Overnight the various parent's that resided in the area, the ones that never left as teenagers, projected outcry, a demand for more control. The outcry came a full day after the other one. A newcomer had blown in, a real mysterious guy that was said to sport some crazy red hair and a tattoo sleeve that came down to his wrist. I'd never met him. All I knew was that he opened his own bar and the town was pissed. Bringing alcohol into a conservative town, I wanted to laugh.

Of all the problems going on in the world, Twilight Town managed to worry about some kid's sexuality and some booze.

Returning to the blinking cursor, I turned off my computer. No matter how many times I repeated the outdated mantra, I long since accepted that no matter what I wrote, it would never go big. Not in Twilight Town. Hollow Bastion? Maybe. Traverse Town? Long-shot, but more manageable. Agrabah was where it was at. All the big stories came from there. Except for sports, however, which all legacies came from the same place. Olympus.

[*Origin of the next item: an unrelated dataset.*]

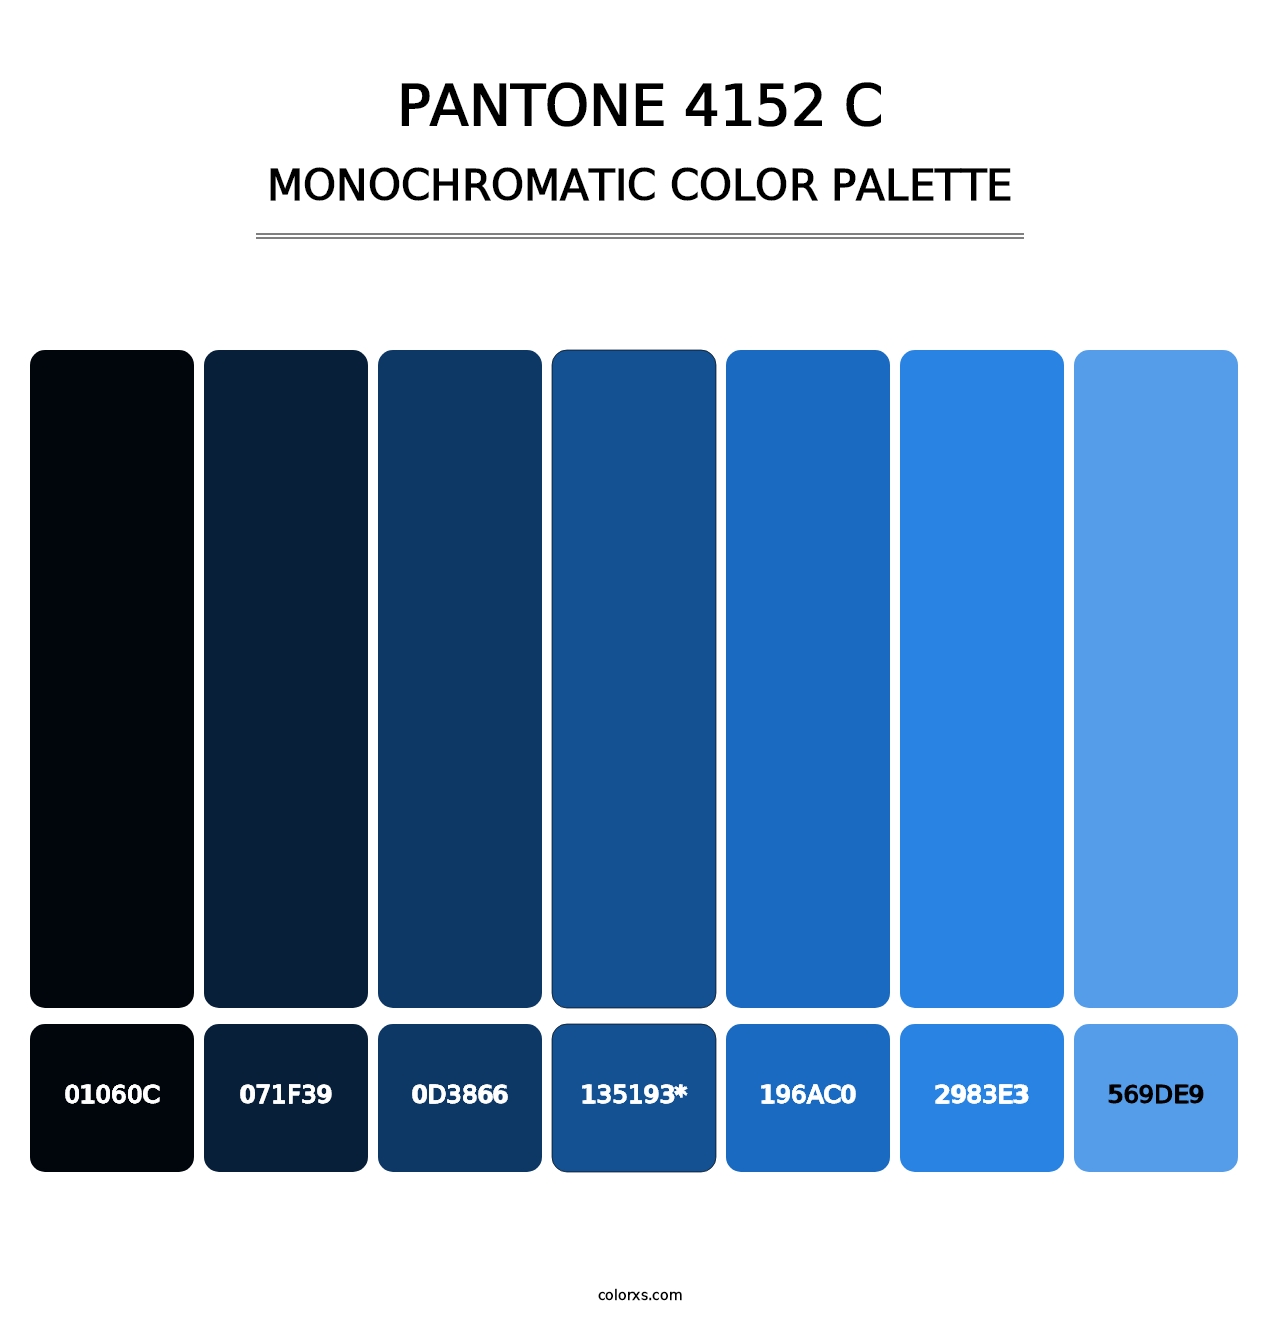 PANTONE 4152 C - Monochromatic Color Palette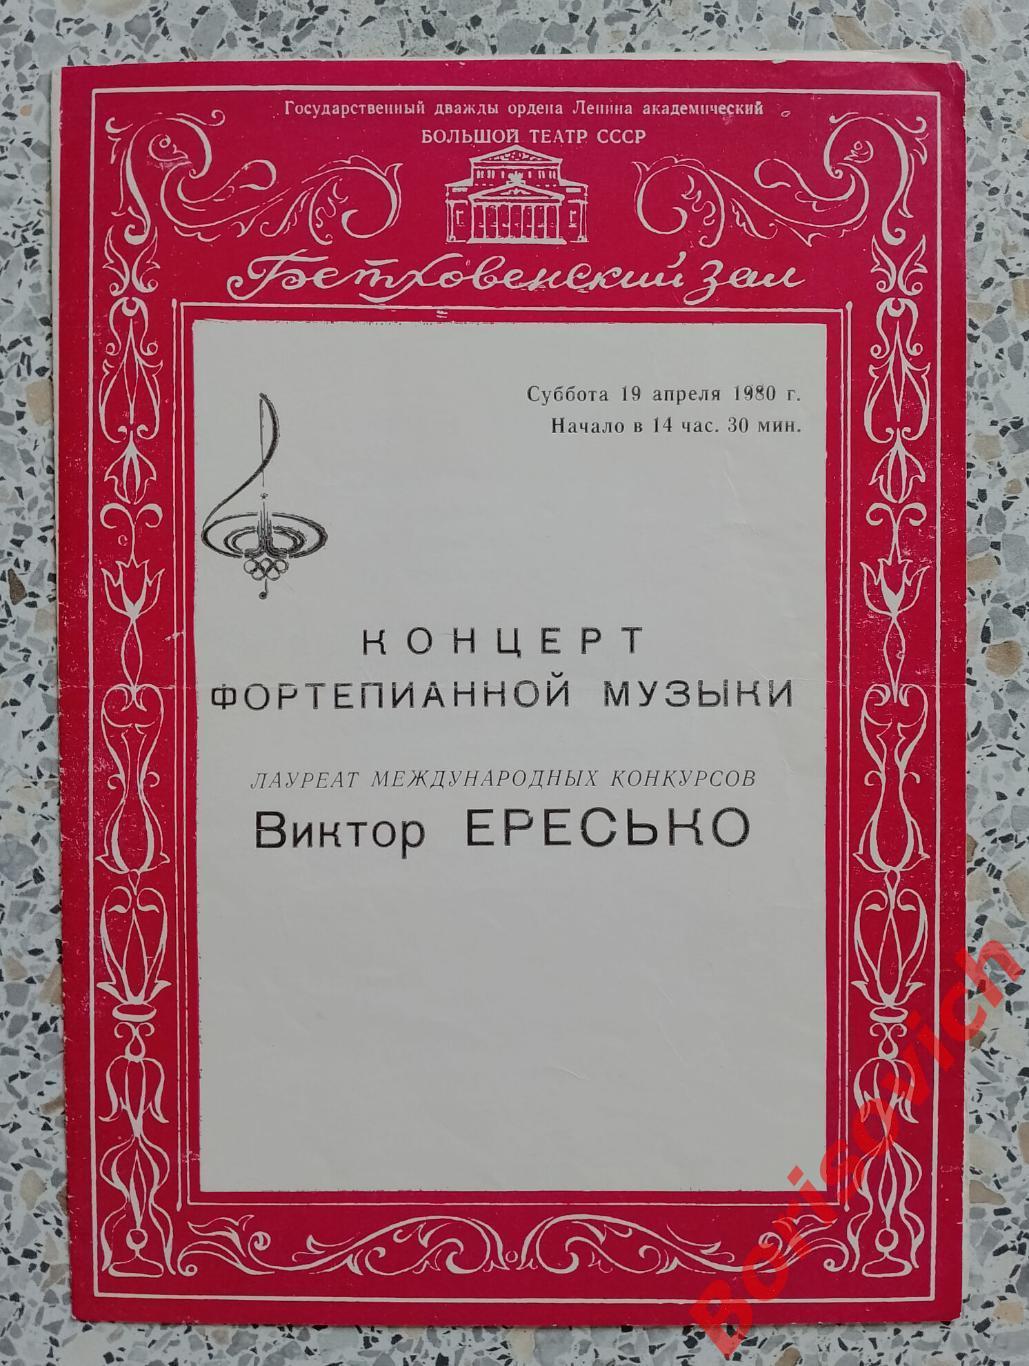 Большой театр Концерт фортепианной музыки Виктор Ересько 1980 Тираж 200 экз.

I'd begged countless times to be sent on an away to cover some of the games but money always got in my way. We were a dying paper, surviving only on the local business and paper route. Even still, it was hard not to miss the cutbacks, the empty cubicles and the lingering anxiety that seemed to dominate the massive room.

"Off the clock?" Aerith smiled, peering out from the walls of her own cubicle.
"Almost," I replied, gathering my coat, "Diz wanted to see me in his office."

I wasn't stupid.

I accepted the reality that the chances were, I was about to be fired. I hadn't put out a successful piece for some time. Why keep a dead weight on the payroll? I knew it was only a matter of time.

The walk to Diz's office was long and nerve-wracking. The walls were lined with our century-old success stories. Articles about the sport's team winning framed, about the new mayor, the schedule for the upcoming struggle tournaments. We weren't a tourist town like Hollow Bastion. History wrote that Hollow Bastion had survived a war and grew to be rebuilt from it's a second time. The first had happened before anyone could write about, mostly lost to the course of time.